Defendant herein admittedly did not sound his horn and testified that he was unaware of the child’s presence in the highway. Another witness who was driving a car in the same direction and close behind the car driven by defendant testified that he saw the child on the tricycle about half a block away; that the presence of the child was visible to him, and that he kept it in his vision until the accident occurred.

Defendant admitted that while driving down the street, he looked ahead and saw children of tender age near and on the right side of the street in the front yard of the home where the deceased child was admittedly playing and where the accident occurred.

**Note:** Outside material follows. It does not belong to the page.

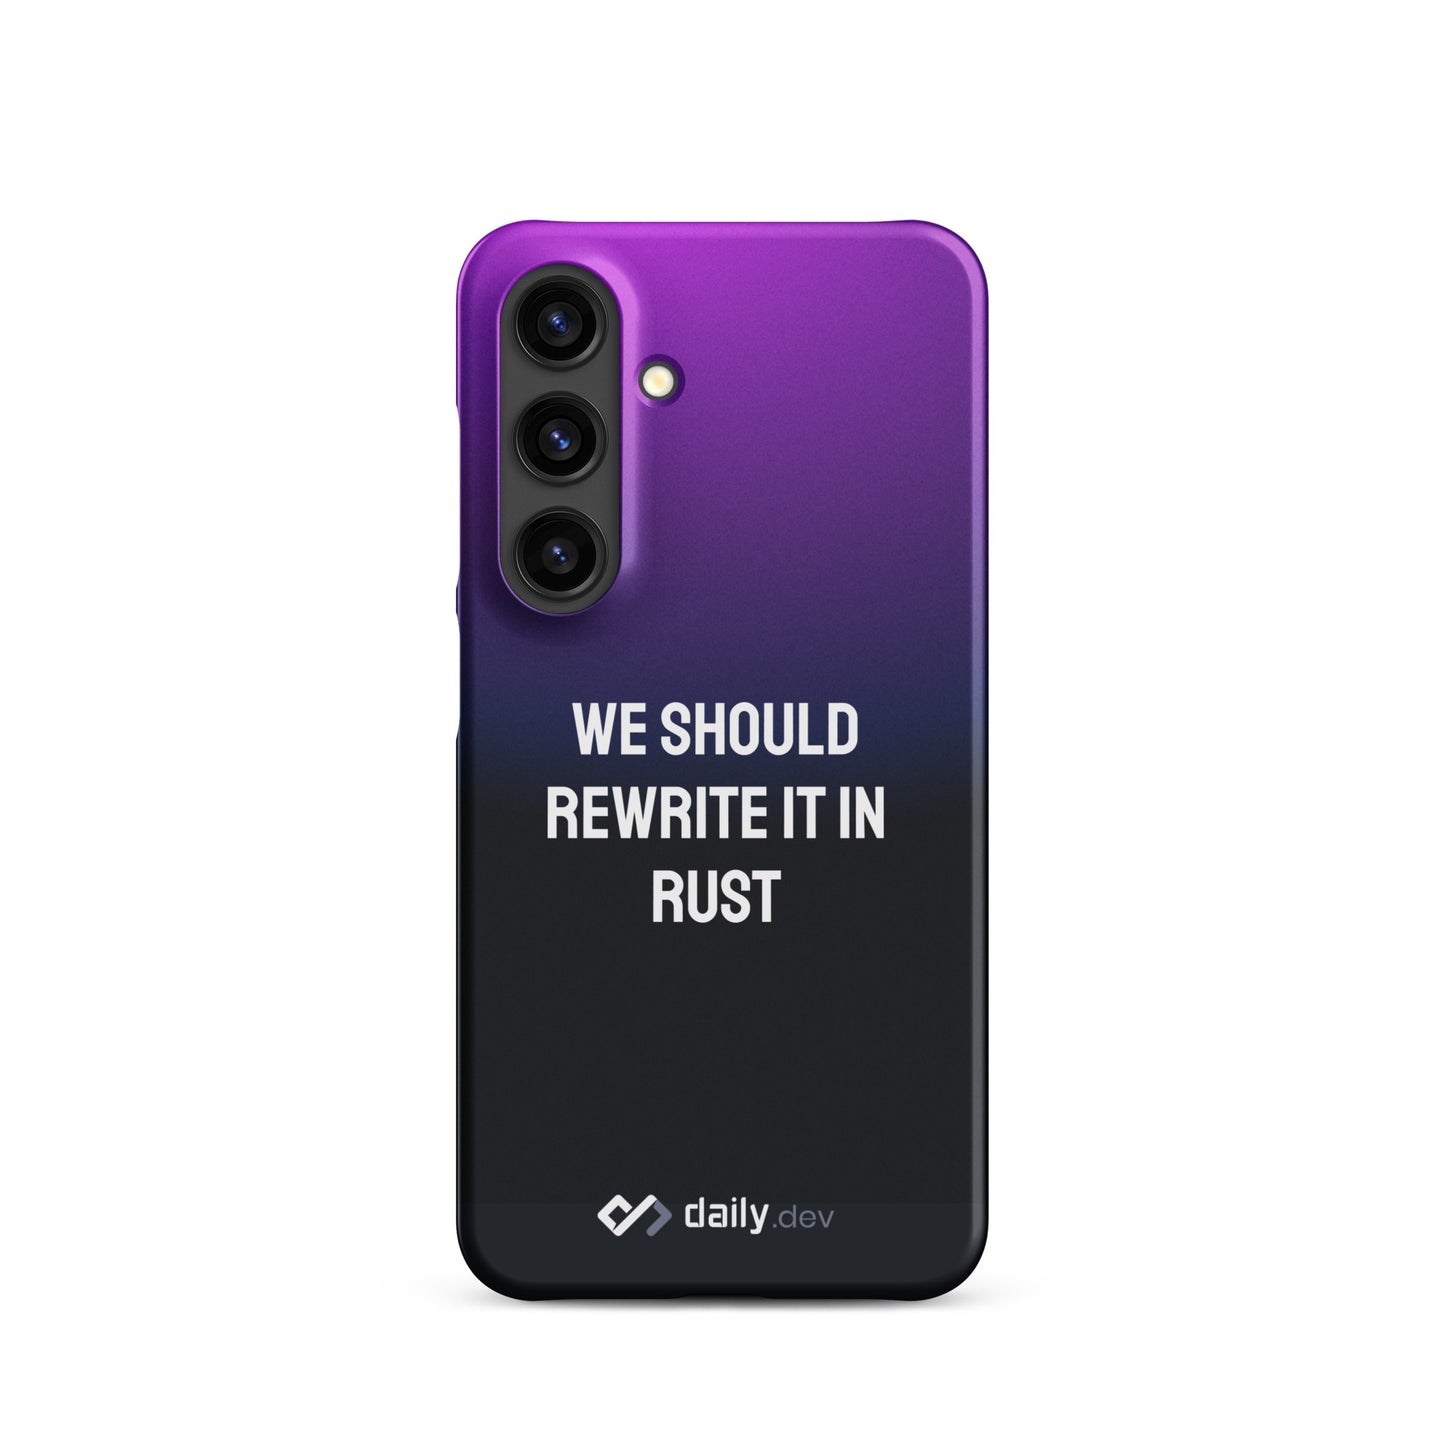 daily.dev Snap case for Samsung® - We should rewrite it in rust

Obviously, defendant knowingly was approaching a place where he admittedly saw small children on the same side of the street that he was driving down, which should have caused him to exercise the degree of care their habits and presence required. Van Ceave v. Lynch, 109 Utah 149, 166 P.2d 244. It is well known that motorists seeing a horse, cow or hog on or near the highway (or when it is known that such are present) they sound their horn and reduce their speed and, if necessary, bring their cars to a full stop to avoid hitting such animals. It is true, however, that this caution on the part of motorists is not generally because of any tender solicitude for the dumb animals that might get into their pathway, but rather from the selfish instinct of self-preservation. A child of tender age by nature demands and the law imposes upon a motorist the duty to exercise in behalf of such child that degree of extreme caution which such motorist exercises for his self-preservation, or that degree of care commensurate with the danger arising from the disposition of children, Darr v. Porte, 220 Iowa 751, 263 N.W. 240.

It was due to the alarming increase and frightful number of human injuries and deaths caused by the automobile and popular demand for public safety that Title 47 O.S.1951, § 148(z), supra, was enacted.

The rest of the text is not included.